Merry Christmas , and please count me in.


----------



## smokin peachey (Dec 22, 2019)

Thanks. Who won?


----------



## udaman (Dec 22, 2019)

they been a great sponsor give them some time ,, lol


----------



## Inkbirdbbq (Dec 22, 2019)

smokin peachey said:


> Thanks. Who won?


Will announce the winners today


----------



## DanMcG (Dec 23, 2019)

smokin peachey said:


> Thanks. Who won?


Looks like not us. lol


----------



## Inkbirdbbq (Dec 23, 2019)

DanMcG said:


> Looks like not us. lol


Good luck next time!


----------



## MJB05615 (Dec 23, 2019)

Inkbirdbbq said:


> Hi Giveaway for Inkbird WiFi ITC-308 Temperature Controller has ended.
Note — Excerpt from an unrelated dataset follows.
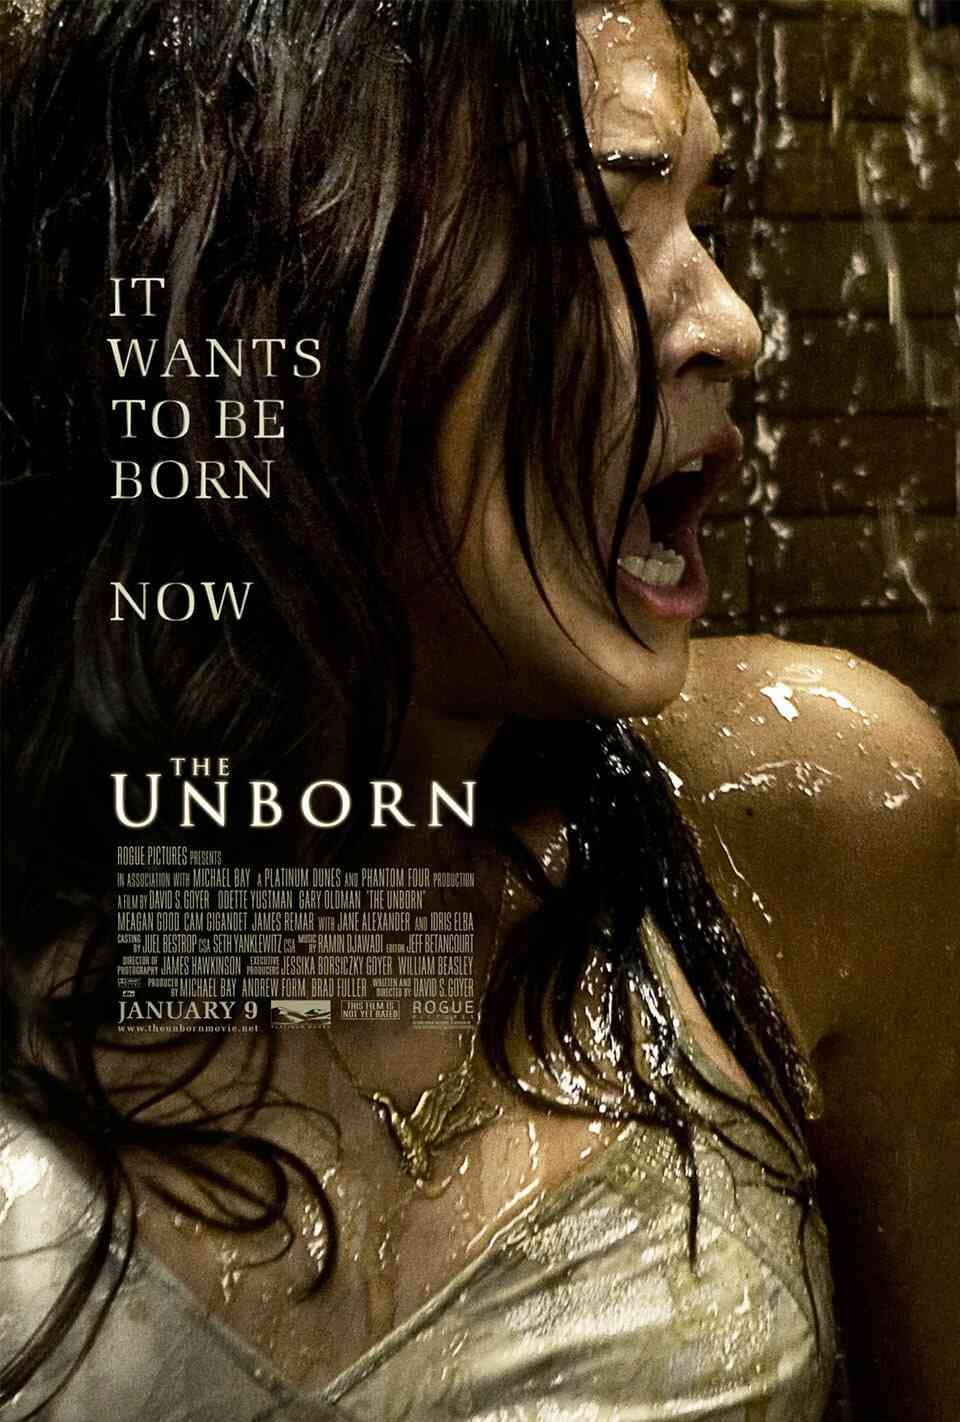 Read The Unborn screenplay.

Thanks for friends who entered!! Winners are
> 
> MJB05615
> and
> ...


WOW! I WON!  HOW DO I CLAIM THE GIFT?  THANK YOU VERY MUCH, I AM VERY EXCITED.  THIS IS AN EXCELLENT CHRISTMAS GIFT.


----------



## Steve H (Dec 23, 2019)

Congrats to the winners!


----------



## smokerjim (Dec 23, 2019)

great gift, congrats to the winners


----------



## pushok2018 (Dec 23, 2019)

Congrats to winners! Nice gift for Christmas!!!


----------



## Inkbirdbbq (Dec 24, 2019)

Congrats!! 

 MJB05615
  and  

 buffalobbqpete
   Please PM me your mailing info,thanks.


----------